Internal fluidisation of granular material

Abstract

Uncontrolled seepage flow due to defects or imperfect joints in civil engineering structures (such as dams, levees, dry-dock, seepage barriers, and sheet piles interlocking) or from fractured underground pipes is a major concern. The result of such leakage is increased water pressure and hydraulic gradients at the source of leakage making the behaviour of the surrounding material complex. This is because of the interaction of particles with the source of flow, turbulent flow in the surrounding bedding and the potential of developing additional mechanisms at the source of flow. Evidence of the occurrence of internal fluidisation has been reported in a number of fields, and yet not much is known about it.In this fundamental study experimental apparatus and techniques have been developed to investigate the mechanism of internal fluidisation of granular material due to localised flow.
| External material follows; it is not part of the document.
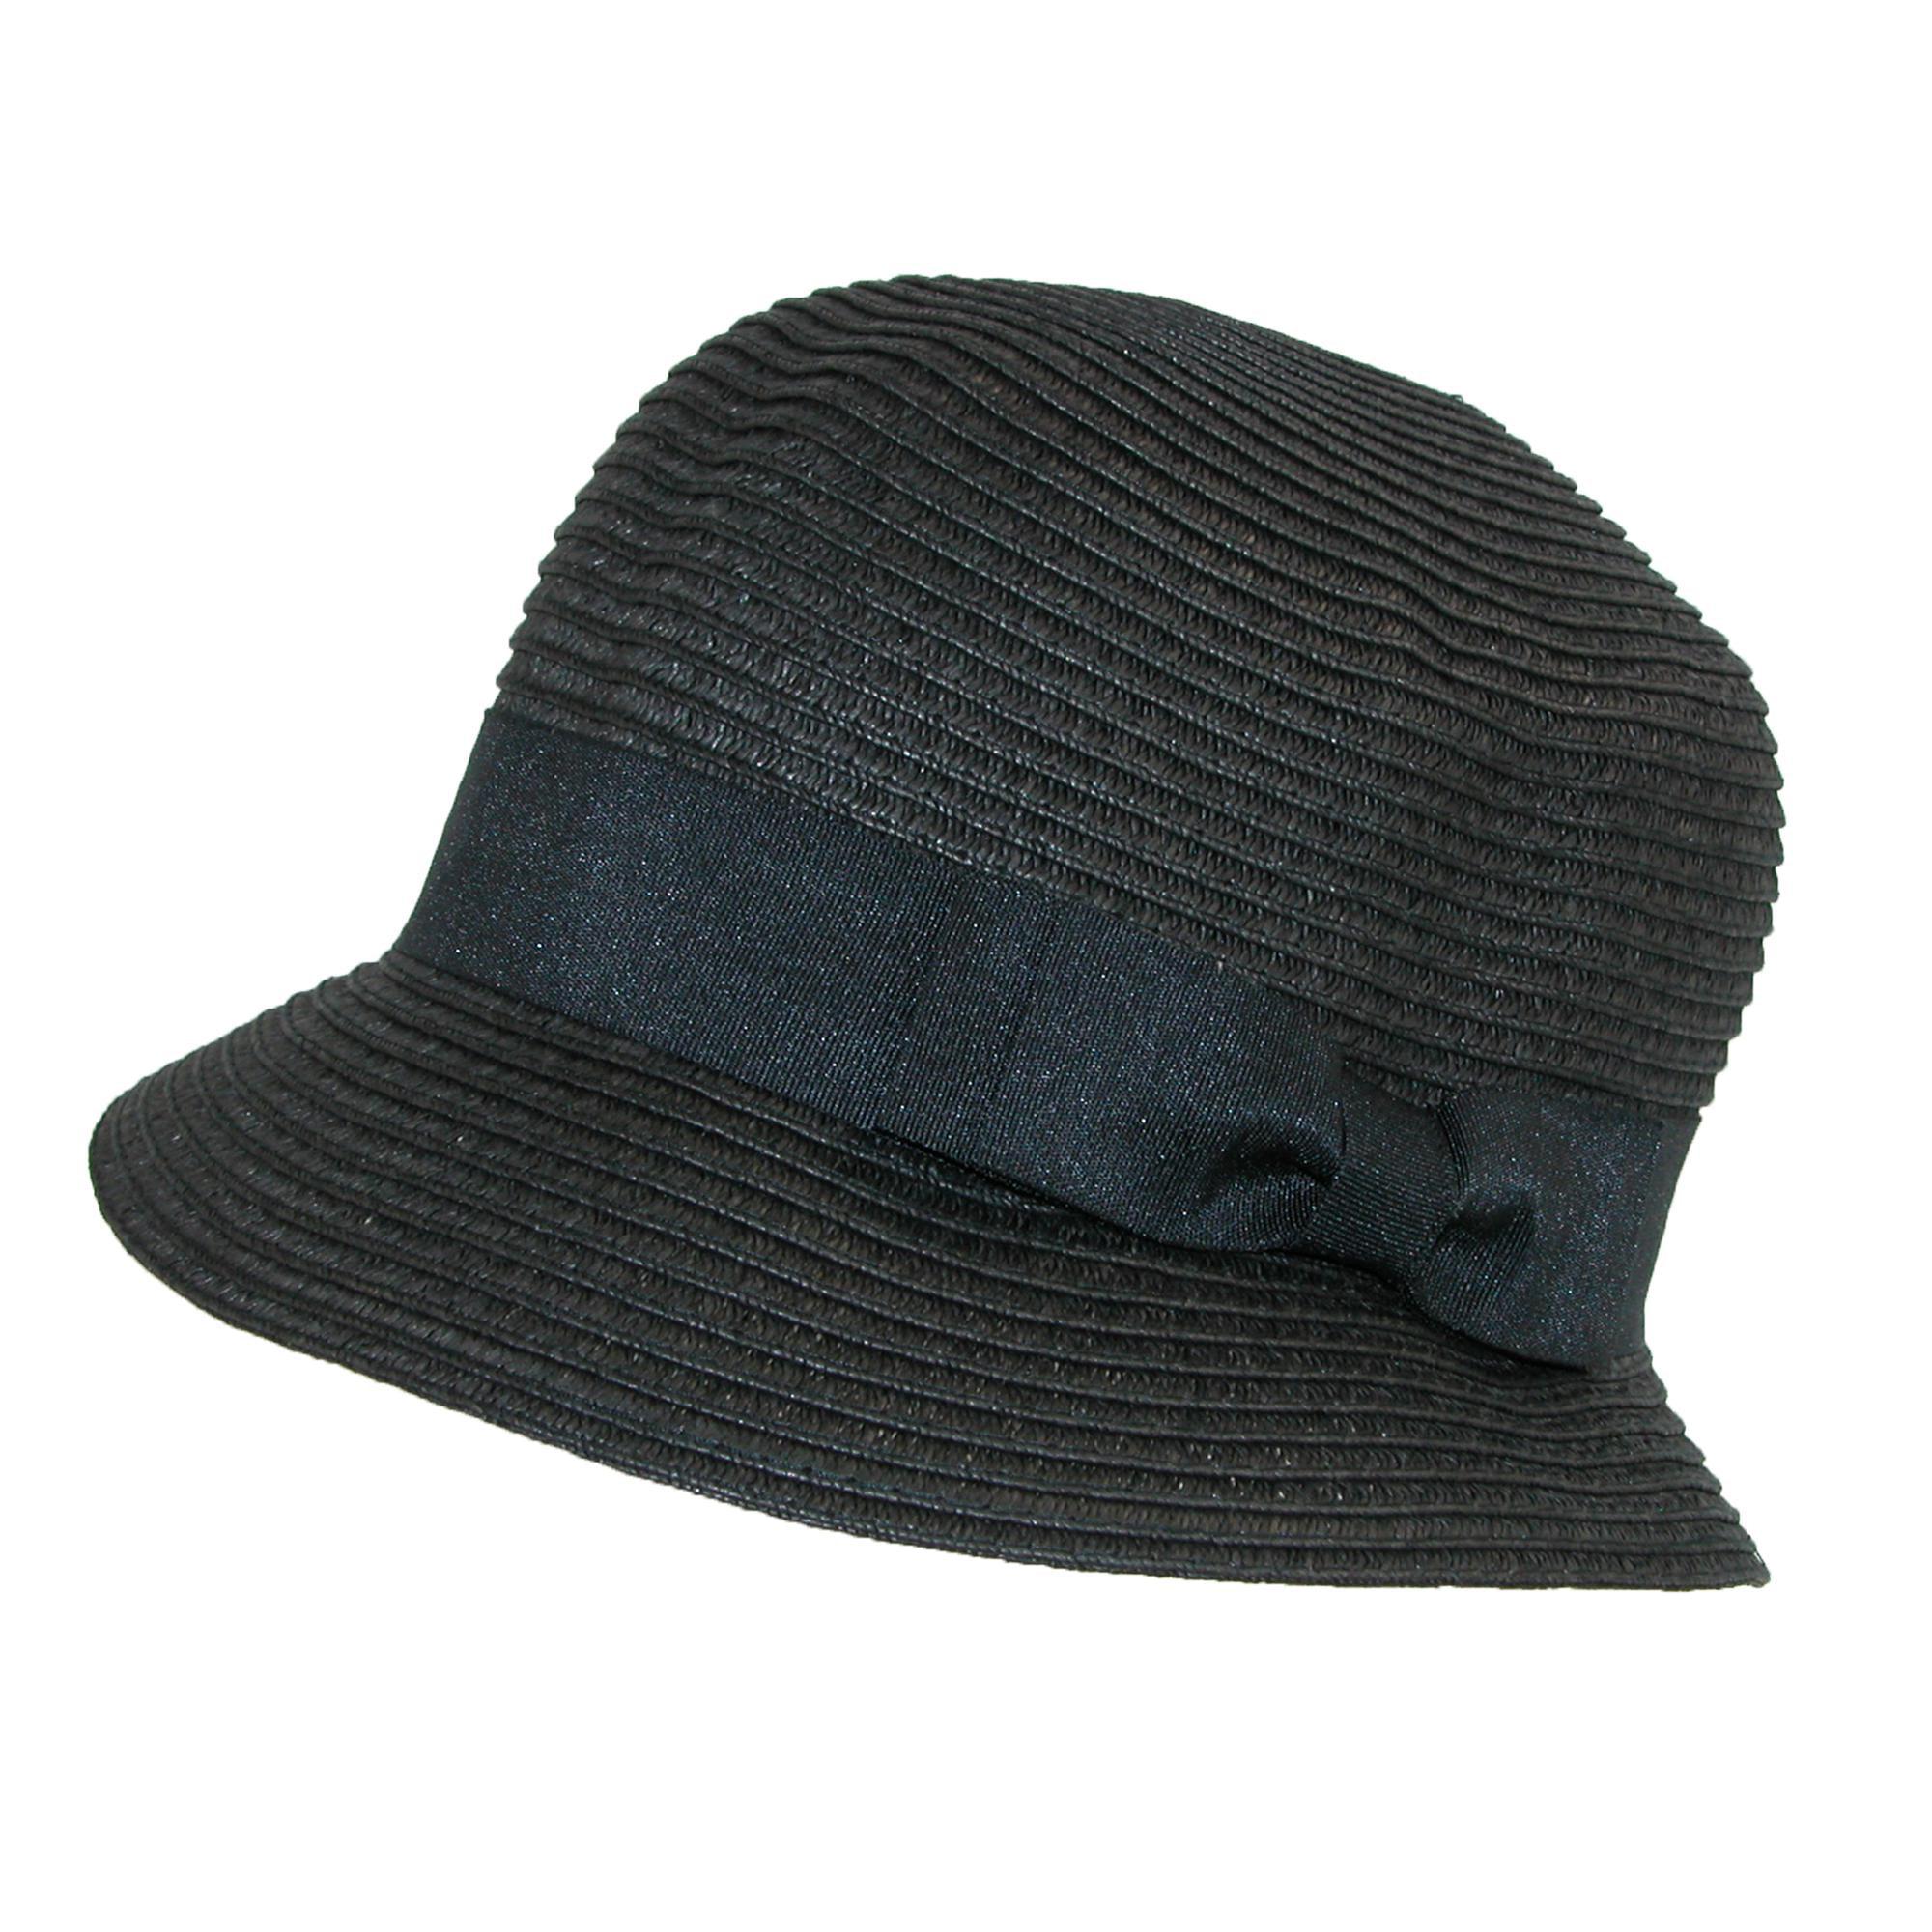 Jeanne Simmons Women s Paper Braided Summer Sun Cloche Hat 9fdd84def87

A two-dimensional experimental model was created for the study, in which a machined box with variable orifice openings was designed and built to simulate an idealised crack for a localised leak. The box was fitted inside a modified seepage tank to fluidise a bed of granular material. Various parameters were investigated: flow rate, excess pore water pressure in the bed, pressure upstream of the orifice, particle size, particle shape, height of the bed, and orifice size on the observed mechanism. Image analysis techniques based on the Particle Image Velocimetry (PIV) have been developed in this study to monitor the behaviour of the fluidised zone.Results and observations of this study suggest that the mechanism of internal fluidisation in a bed of granular materials is associated with an uplift mechanism of the grains in the active region of the bed. This is attributed to the drag force exerted by seepage flow overcoming the downward bulk weight of the bed. From the results and observations of this study a mathematical model based on the concept of force equilibrium has been proposed to predict the pore pressure at the onset of internal fluidisation. The results show that high pressure heads can be sustained upstream of the orifice without the internally fluidised zone breaking through to the bed surface. They also show that the onset of this mechanism in a bed of granular material is highly dependent on packing properties (grain size, grain shape, height of the bed), seepage velocity and orifice size. <br/